You are now ready to start development. You can run the tool with bbeval, edit the code in src/, and run tests with pytest.

Environment Setup

Configure environment variables:
- Copy .env.template to .env in your project root
- Fill in your API keys, endpoints, and other configuration values
Set up targets:
- Copy targets.yaml to .bbeval/targets.yaml
- Update the environment variable names in targets.yaml to match those defined in your .env file

Quick start

Run eval (target auto-selected from test file or CLI override):

# If your test.yaml contains "target: azure_base", it will be used automatically
bbeval "c:/path/to/test.yaml"

# Override the test file's target with CLI flag
bbeval --target vscode_projectx "c:/path/to/test.yaml"

Run a specific test case with custom targets path:

bbeval --target vscode_projectx --targets "c:/path/to/targets.yaml" --test-id "my-test-case" "c:/path/to/test.yaml"

Command Line Options

test_file: Path to test YAML file (required, positional argument)
--target TARGET: Execution target name from targets.yaml (overrides target specified in test file)
--targets TARGETS: Path to targets.yaml file (default: ./.bbeval/targets.yaml)
--test-id TEST_ID: Run only the test case with this specific ID
--out OUTPUT_FILE: Output JSONL file path (default: results/{testname}_{timestamp}.jsonl)
--dry-run: Run with mock model for testing
--agent-timeout SECONDS: Timeout in seconds for agent response polling (default: 120)
--max-retries COUNT: Maximum number of retries for timeout cases (default: 2)
--verbose: Verbose output

Target Selection Priority

The CLI determines which execution target to use with the following precedence:

CLI flag override: --target my_target (when provided and not 'default')
Test file specification: target: my_target key in the .test.yaml file
Default fallback: Uses the 'default' target (original behavior)
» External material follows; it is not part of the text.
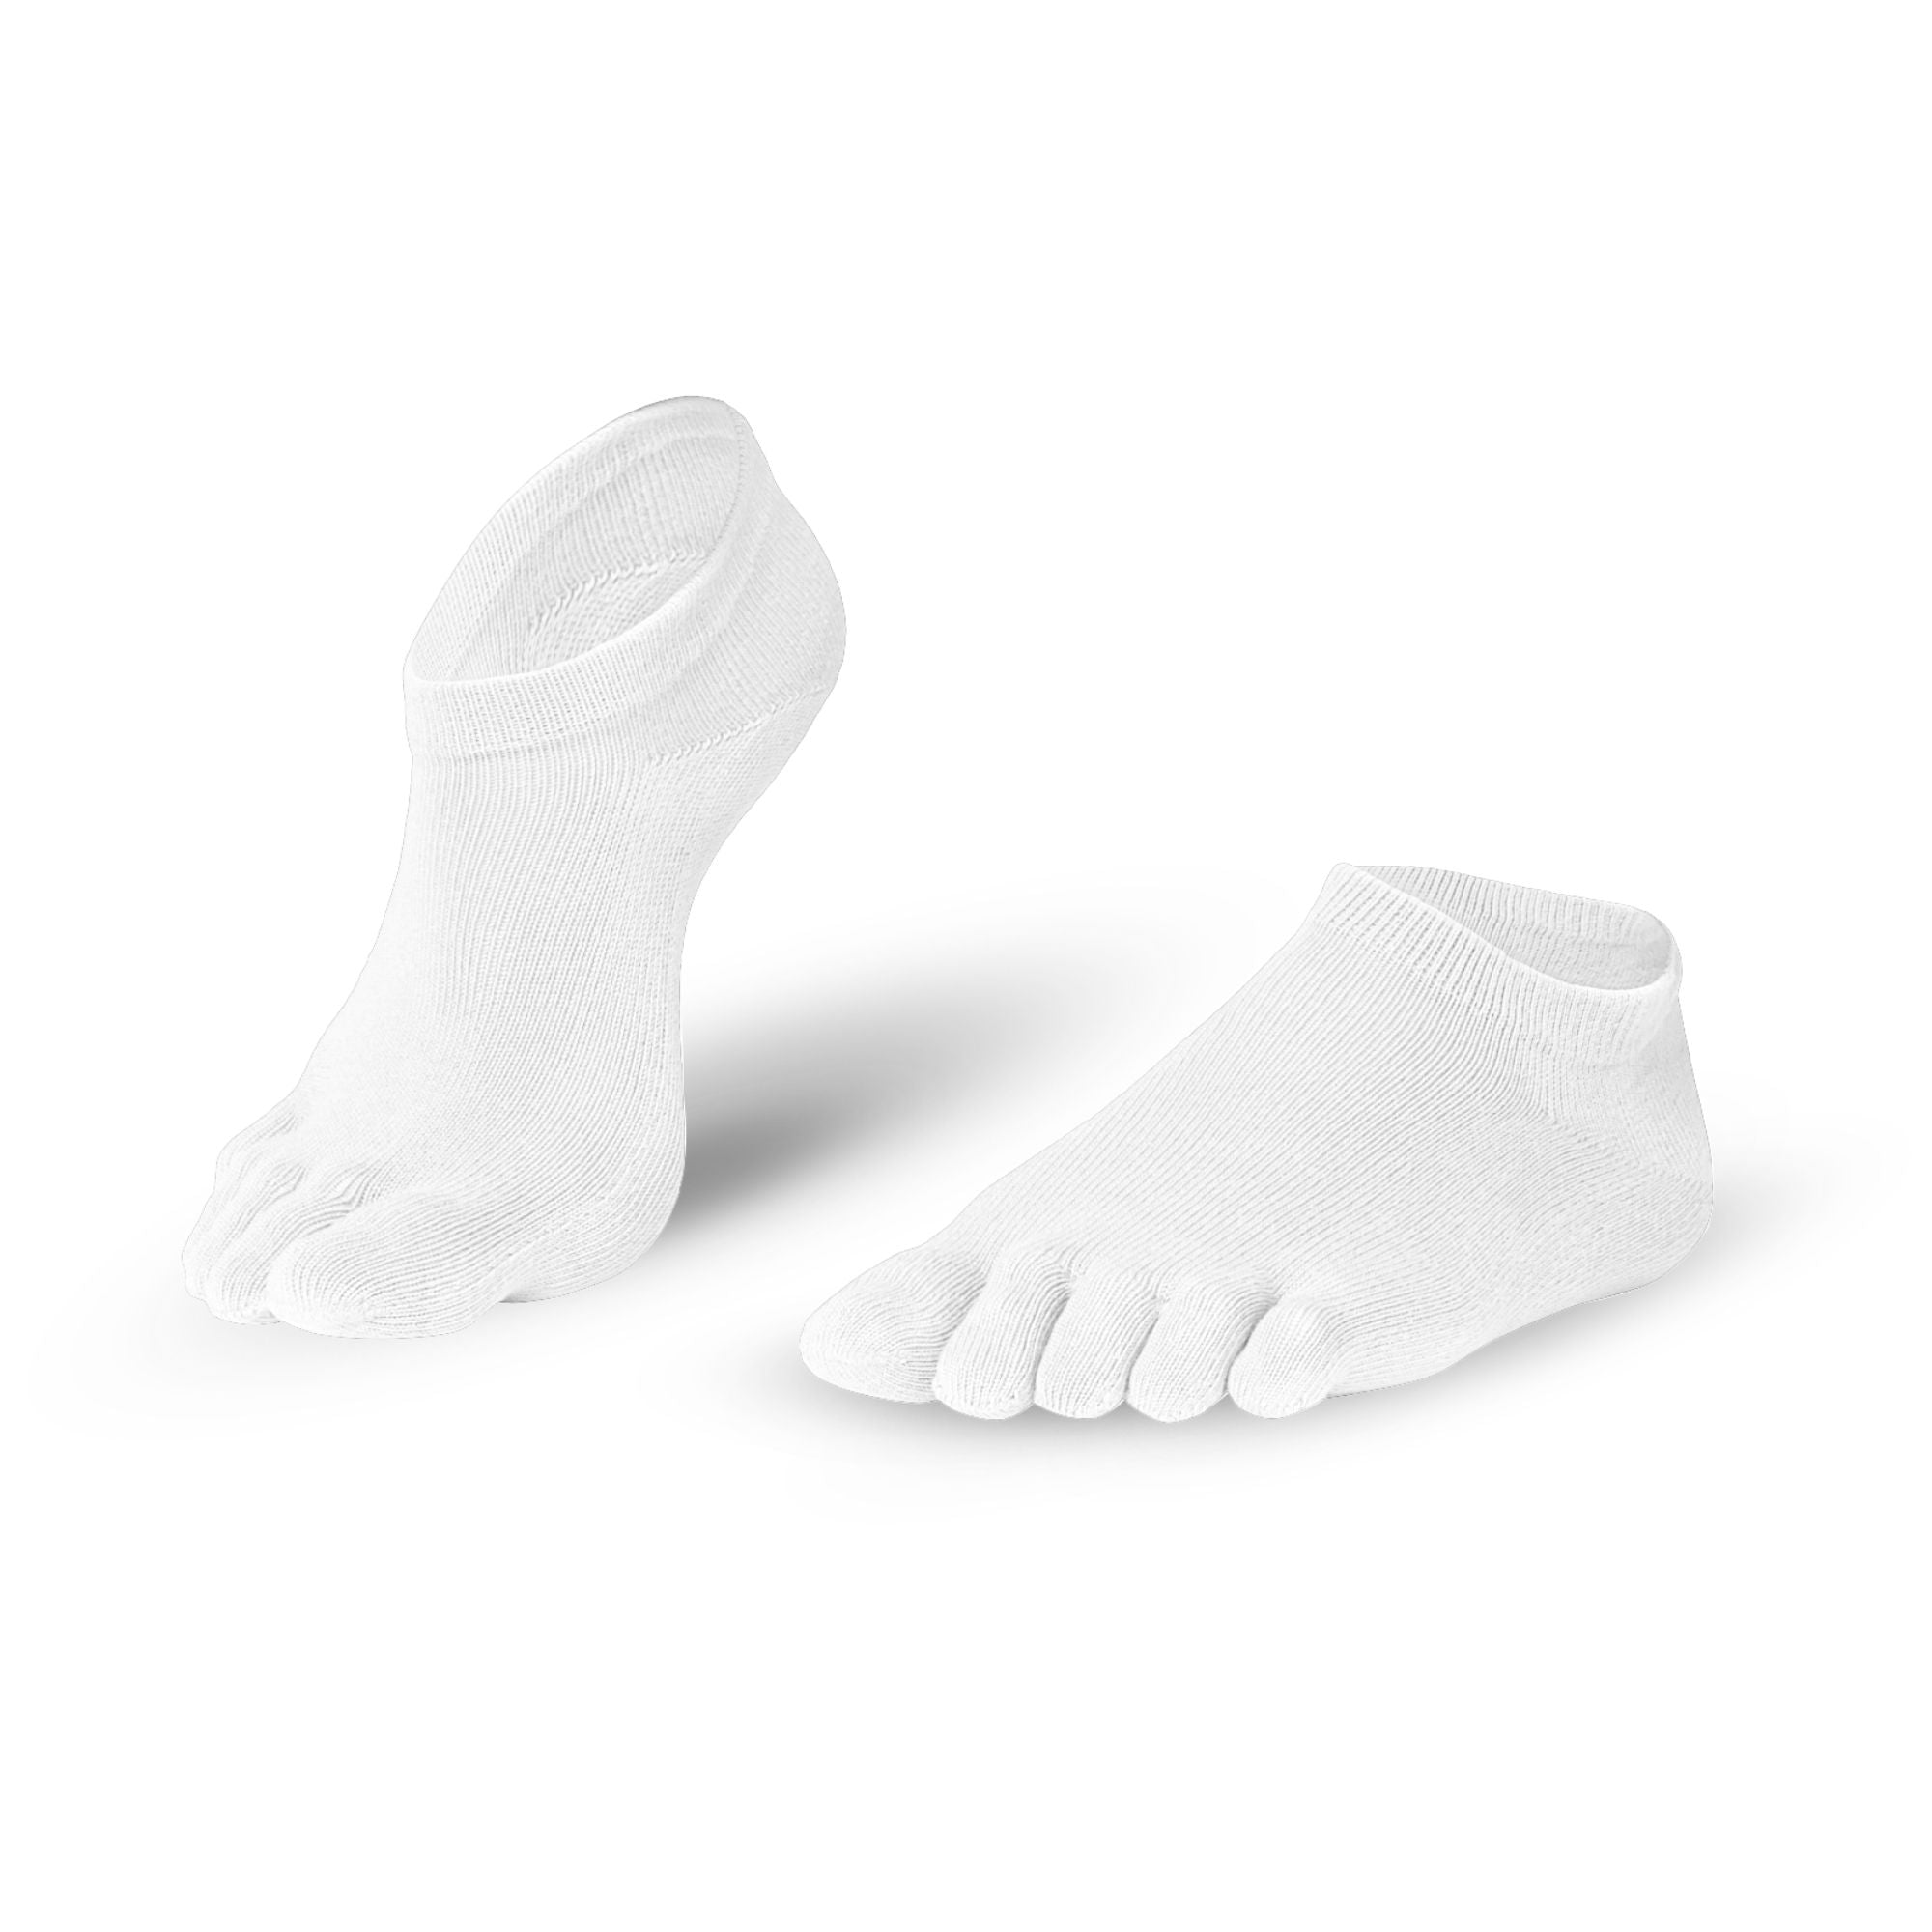 Knitido Essentials Sneaker barfods tåsokker til kvinder og mænd i farven white, par

This allows test files to specify their preferred target while still allowing command-line overrides for flexibility, and maintains backward compatibility with existing workflows.

Output goes to .bbeval/results/{testname}_{timestamp}.jsonl unless --out is provided.

Tips for VS Code Copilot Evals

Workspace Switching: The runner automatically switches to the target workspace when running evals. Make sure you're not actively using another VS Code instance, as this could cause prompts to be injected into the wrong workspace.

Recommended Models: Use Claude Sonnet 4 or Grok Code Fast 1 for best results, as these models are more consistent in following instruction chains.

Requirements

Python 3.10+ on PATH
Evaluator location: scripts/agent-eval/
.env for credentials/targets (recommended)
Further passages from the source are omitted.